Background
Patients with Major Depressive Disorder (MDD) often experience unexpected relapses, despite achieving remission. This study examines the utility of a single multidimensional measure that captures variance in patient-reported Depressive Symptom Severity, Functioning, and Quality of Life (QOL), in predicting MDD relapse.
Methods
Complete data from remitted patients at the completion of 12 weeks of citalopram in the STAR*D study were used to calculate the Individual Burden of Illness index for Depression (IBI-D), and predict subsequent relapse at six (n = 956), nine (n = 778), and twelve months (n = 479) using generalized linear models.
Results
Depressive Symptom Severity, Functioning, and QOL were all predictors of subsequent relapse.
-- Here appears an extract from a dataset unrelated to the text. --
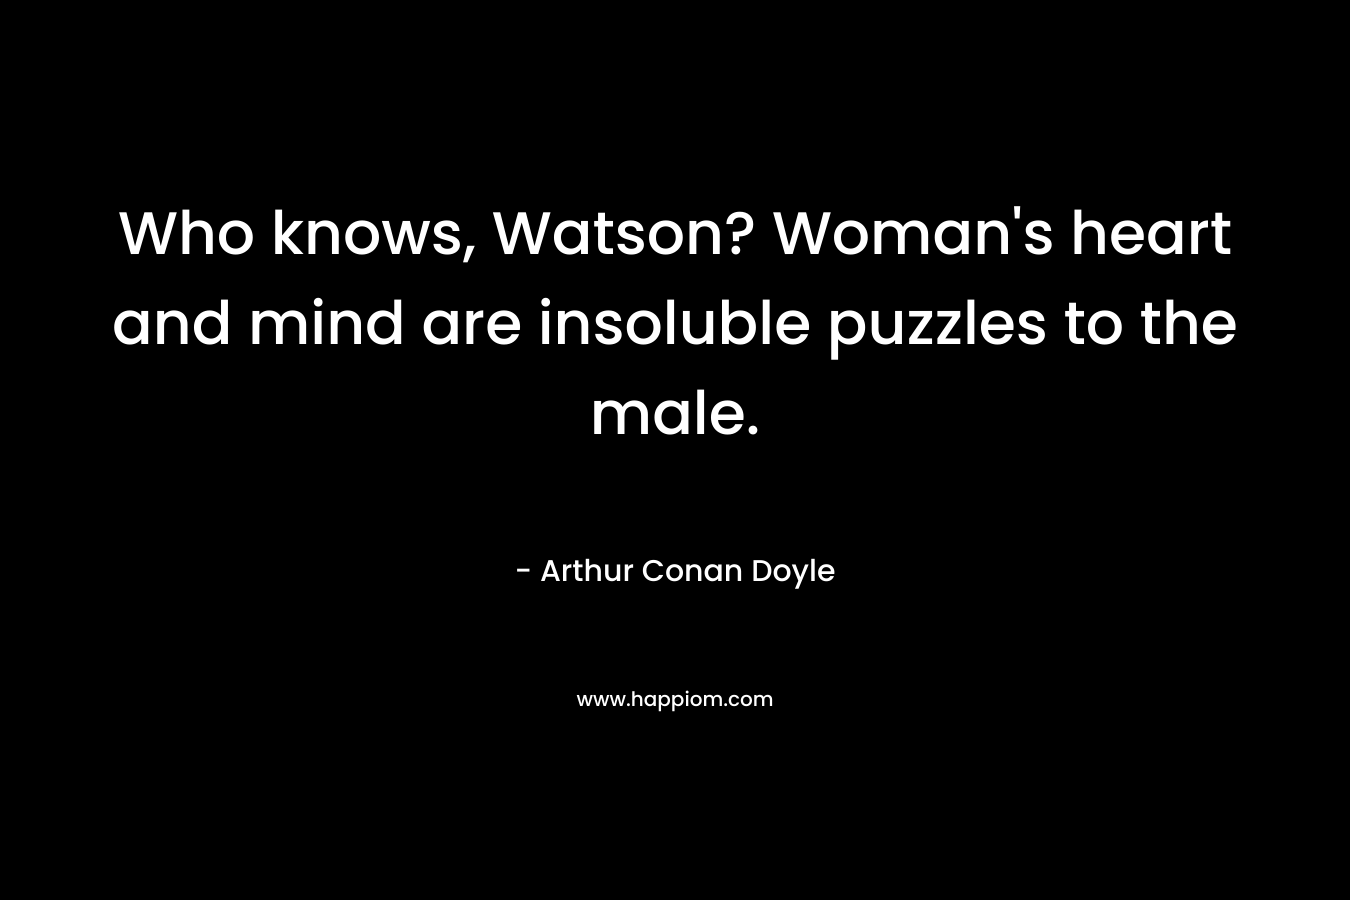 Who knows, Watson? Woman's heart and mind are insoluble puzzles to the male.

Using Akaike information criteria (AIC), the IBI-D provided a good model for relapse even when Depressive Symptom Severity, Functioning, and QOL were combined in a single model. Specifically, an increase of one in the IBI-D increased the odds ratio of relapse by 2.5 at 6 months (β = 0.921 ± 0.194, z = 4.76, p < 2 × 10−6), by 2.84 at 9 months (β = 1.045 ± 0.22, z = 4.74, p < 2.2 × 10−6), and by 4.1 at 12 months (β = 1.41 ± 0.29, z = 4.79, p < 1.7 × 10−6).
Limitations
Self-report poses a risk to measurement precision. Using highly valid and reliable measures could mitigate this risk. The IBI-D requires time and effort for filling out the scales and index calculation. Technological solutions could help ease these burdens. The sample suffered from attrition. Separate analysis of dropouts would be helpful.
Conclusions
Incorporating patient-reported outcomes of Functioning and QOL in addition to Depressive Symptom Severity in the IBI-D is useful in assessing the full burden of illness and in adequately predicting relapse, in MDD.